Crook, A. D. H., The Town Planning Review


Housing Markets and Economic Convergence in the European Union, Michael Ball and Maurizio Grilli, London, Royal Institution of Chartered Surveyors, 1997, 52 pp., £19.95

Comparative housing research has been a growth area in housing studies in recent years, including those focusing on the countries of the European Union. Many of these have tended to be in the 'compare and contrast' and classificatory mould. Some have also looked at evidence of convergence towards a 'European model' of housing supply and consumption. Most have concluded that there are sharp differences between the housing systems of the EU countries, differences which the EU treaties as such will not remove, as housing will remain a responsibility of individual member governments. However, given the close relationship between economic systems and housing markets and systems, we cannot ignore the possible impact of economic convergence on the housing systems of individual countries.

Nor can we ignore the potential impact which housing systems themselves will have on the achievement of economic convergence and of other EU-wide objectives. This impact is the focus of this study by Ball and Grilli published by the RICS in 1997 as one of their research series. Their key conclusion is that the operation of housing markets in EU countries can undermine convergence, economic efficiency, competitiveness and stability objectives and, as they point out, we ignore the impacts of housing markets on member states' macro-economies at our peril.

Although written before monetary union commenced in 1999, Housing Markets and Economic Convergence in the European Union is still an important study. What is particularly interesting is its focus on the possible impacts of national housing markets on economic convergence. It uses available national-level data (with all its limitations) to analyse housing and economic cycles in member states, examining evidence, for example, of the relationships between housing market volatility and economic cycles.

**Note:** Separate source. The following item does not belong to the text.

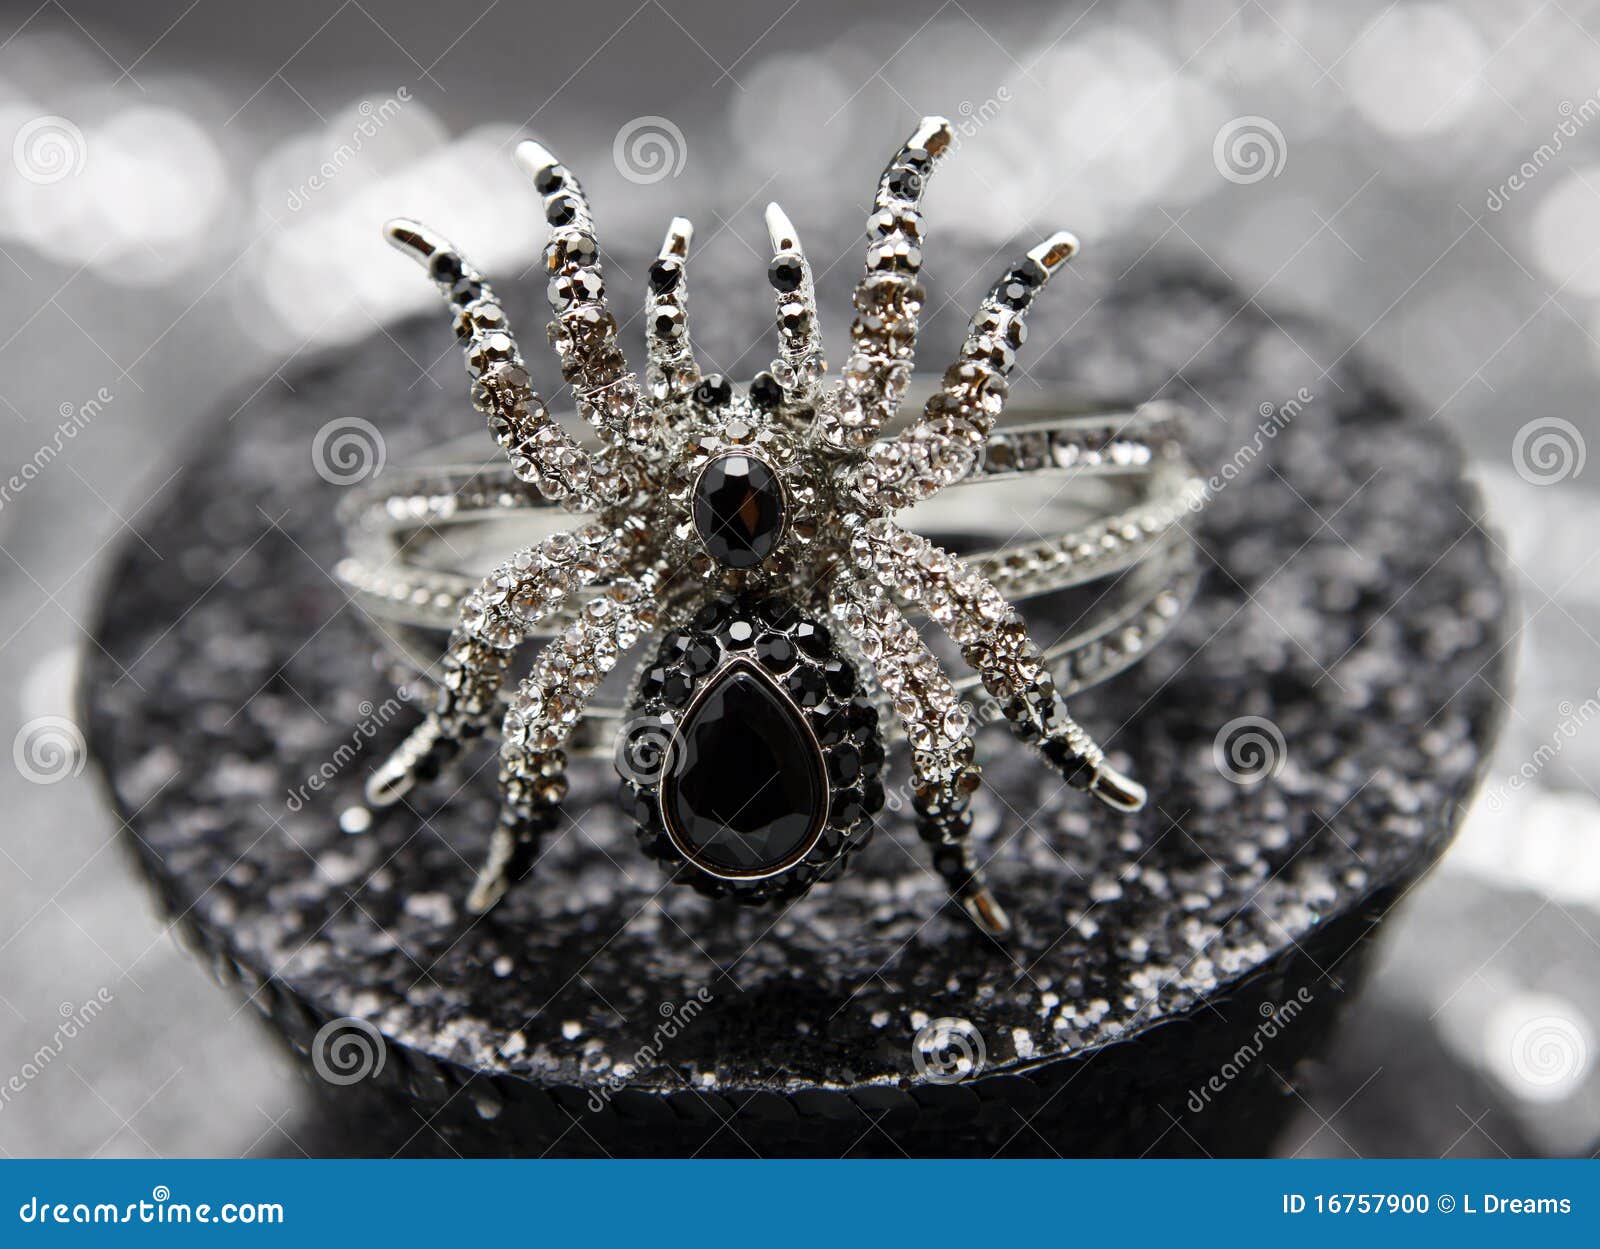 Czarny biżuteryjny pająk. Na tła pięknym czerń plam bokeh bransoletki krystalicznym pokazu błyskotliwości świetle krystaliczny srebro siedzi pająk iskrzastej wdowy

This appears very much an exploratory study, but none the less it found some important results. Most significantly it finds that each member state's housing markets and systems react differentially to economic shocks. As a result of careful analysis and appropriate use of statistical techniques to examine responses to economic shocks it divides member states into four regional subgroups. First, the EU core group (including Austria) have stable housing systems that generally have limited impacts on their macro-economies.